Walker and the GOP majority cut spending on social safety net programs, allowing more ordinary Wisconsinites to slip into poverty. They can take credit for Wisconsin’s disturbing rise in child poverty.
“(Between 2010 and 2014) The proportion of Wisconsinites under age 18 living in poverty has risen from 15.8% to 18.5%. The increase in child poverty in Wisconsin is twice as large as the increase in Minnesota, 2.7% compared to 1.3%.” (8)
The percentage of children living in poverty in Minnesota between 2010 and 2014, even at its highest, never rose to the even the lowest percentage seen in Wisconsin over this same period. No level of child poverty above zero is cause for celebration, but Minnesota’s progressive governance has at least slowed the growth of such blatant economic and social failure to a level well below Wisconsin’s, and far below the national average. But the issue needs far more intervention from a supposedly “great” nation, and from its state and federal governments. Don’t hold your breath waiting for the tRump administration or for GOP-dominated state governments to reverse this travesty…

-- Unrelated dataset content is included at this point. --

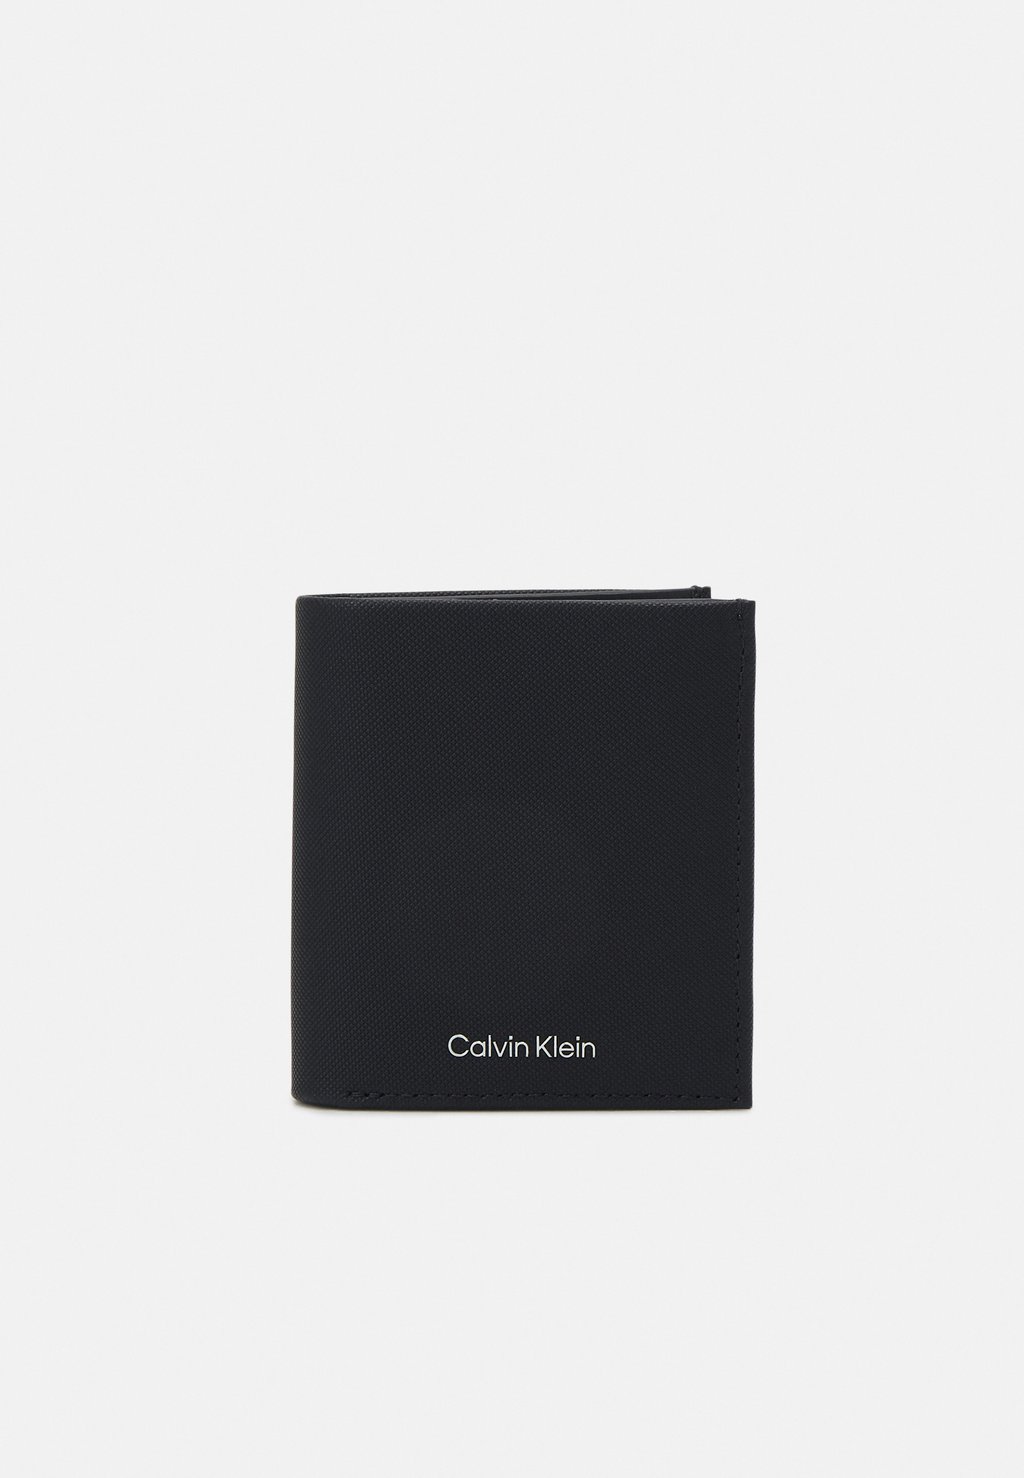 Кошелек MUST TRIFOLD COIN Calvin Klein, цвет black кошелек must small trifold mono calvin klein черный

By another measure, about one in six Wisconsin children live in poverty. (9)
Looking at the overall poverty rates in the two states (i.e., including adults), only makes GOP social and economic engineering in Wisconsin more despicable:
“According to the CPS (Current Population Survey, a U.S. Census Bureau summary), the poverty rate in Minnesota declined by 2.1 percentage points from 2010 to 2016, reaching 8.7 percent in 2016—4.0 percentage points lower than the national average and one of the lowest in the country. In contrast, over the same period, the poverty rate in Wisconsin rose by 0.6 percentage points to 10.7 percent—ironically, about the same rate that Minnesota had back in 2010 (10.8 percent). Notably, the national poverty rate declined from 2010 to 2016, meaning that Wisconsin was bucking the national trend (U.S. Census Bureau 2017c).” (2)
Walker and the GOP majority just don’t want to know…
Walker and the GOP majority also abolished the GAB (Government Accountability Board) to make their political skullduggery and economic re-engineering machinations less transparent to the public, passed a “Voter ID” law designed to discourage low income citizens and minorities from voting, (10) and, with the passage of Act 10, sharply curtailed the power of most public sector labor unions to negotiate new contracts. Later these same GOP puppets passed a mis-named “Right-to-Work” law which limited the ability of labor unions to collect dues from the workers whose interests they represent.
None of this legislative butchery helped ordinary Wisconsinites in the wake of the Great Recession, nor was it intended to. It did nothing to promote rural economic development or maintain/upgrade state infrastructure. It didn’t even succeed in luring manufacturers to the state to create those 250,000 jobs that Walker promised would appear before his first term in office ended. He failed, miserably, to fulfill that promise. It was, like so much of the vacuous babble his masters pump into his pie hole, hot air. It was a lie. He lied to get elected.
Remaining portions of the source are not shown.